Similarly, from equation (14), the third correction gain E3 is the sum of squares of the posture (rx, ry, rz) components of the Kalman gain Ki of the observation source i.
Therefore, the value is large when the error variance matrix CXii of the observation source i is large and the error variance matrix CXjj of the observation target j is small.
Conversely, when the error variance matrix CXii of the observation source i is small and the error variance matrix CXjj of the observation target j is large, the value is small.

(3) Integrated correction gain E _all integrating these
The integrated correction gain E _all is a weighted sum of squares of all Kalman gains K (E1, E2, E3) of the observation source i and the observation target j. That is, the integrated correction gain E _all is the sum of squares of the components of Ki and Kj. Therefore, the tendency is as shown in Table 1.

Therefore, by selecting the gaze object 11 having the largest integrated correction gain E _all , the target corresponding to cases 1 and 2 is preferentially selected. The effect of combining the first correction gain E1 and the second correction gain E2 can be expected.

Returning to FIG. 4, in step S <b> 3, the object 10 having the largest Kalman gain K is selected as the gaze object 11. The gaze object 11 is selected from the surrounding objects 10.
The Kalman gain K may be the first correction gain E1, the second correction gain E2, the third correction gain E3, or the integrated correction gain E _all .

  Further, the first correction gain E1, the second correction gain E2, and the third correction gain E3 may be switched as the Kalman gain K at regular intervals.

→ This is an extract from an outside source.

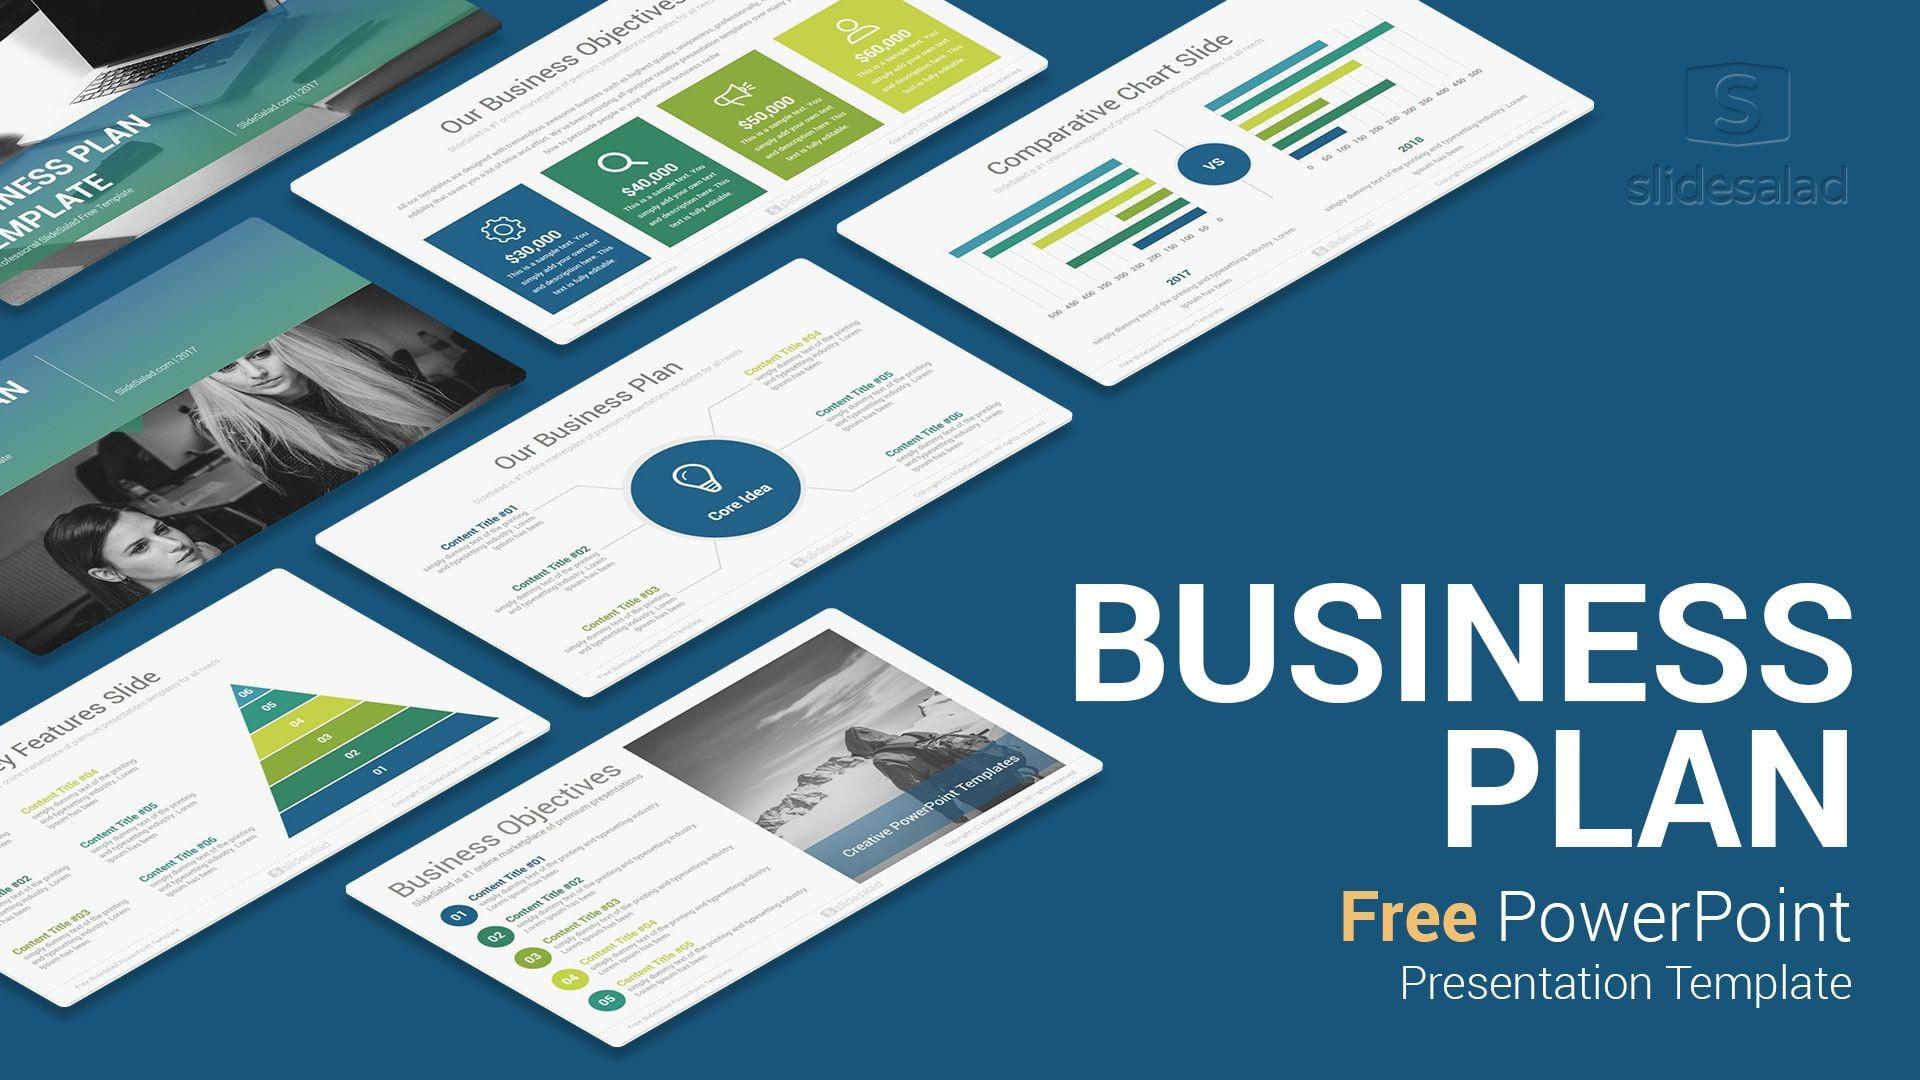 006 Marvelou Free Download Busines Proposal Template Ppt Highest Clarity  Best Plan Sample Plan.ppt 20201920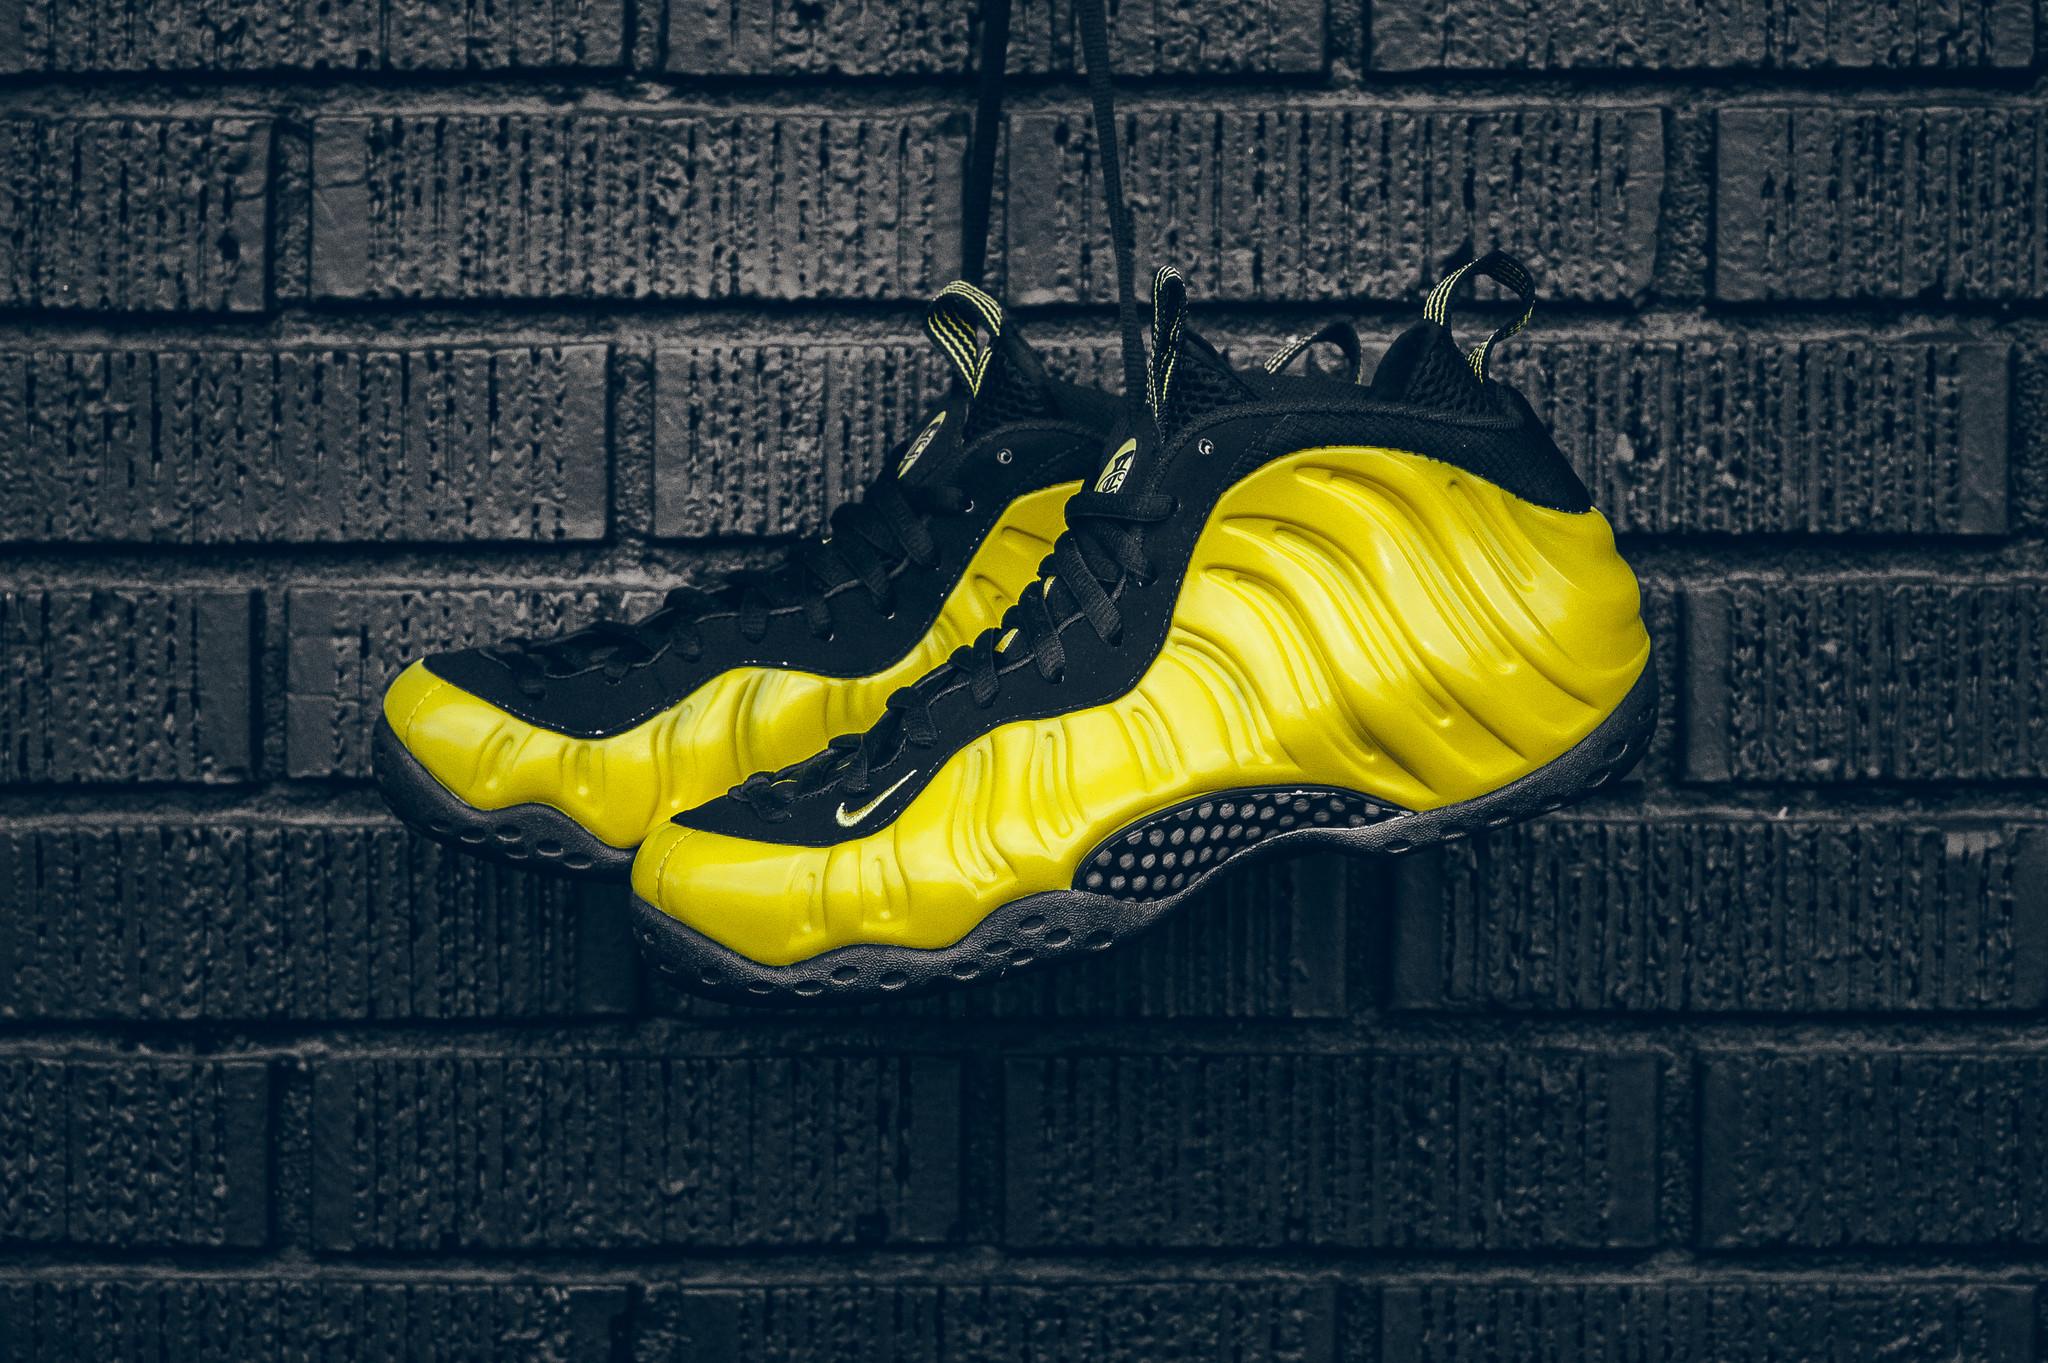 chaussure Nike Air Foamposite 'Wu Tang' (5)

In step S4, a pan angle command value θ _ope and a tilt angle command value φ _ope are calculated.
The direction (θ, φ) of the gaze object 11 viewed from the self is obtained in the second and third rows of the observation equation g , and these are set as the pan angle command value θ _ope and the tilt angle command value φ _ope .

In step S5, the pan angle or tilt angle of the pan head 18 is controlled.
Based on the pan angle command value θ _ope and the tilt angle command value φ _ope , the pan head 18 is controlled as follows.
The θ-axis is moved within the range of Equation (19) in Equation 8.
The φ axis is moved within the range of equation (20).
Here, Vth and Vph are diagonal terms of the observation error variance Vij represented by Expression (21). Expression (21) defines symbols in the diagonal terms of the observation error variance Vij.
N is a coefficient that determines the search range of the observation target j. When n is set to 0, it points to one point in the predicted direction.

In the equation (21), VL means “distance observation error range”.
The observation error variance Vij is a 3 × 3 matrix. Of these, Vth and Vph are used to determine the width of the reciprocating motion of the camera platform.

In step S6, the process returns to step S1 after the gaze object 11 selected in step S3 is observed or after a predetermined time has elapsed.
It is preferable to return to step S1 after the gaze object 11 selected in step S3 is observed. By observing the gaze object 11, the position or posture of the gaze object 11 or itself is corrected.
However, in a situation where the gaze object 11 changes every time as a result of the selection in step S3, the target command values θ _ope and φ _ope may change from loop to loop and the control may become unstable. In this case, after the control in step S5 is continued for a certain time, the process returns to step S1.
Note that the control in step S5 may be continued until the Kalman gain K related to the gaze object 11 decreases from the time selected in step S3, instead of the lapse of a fixed time.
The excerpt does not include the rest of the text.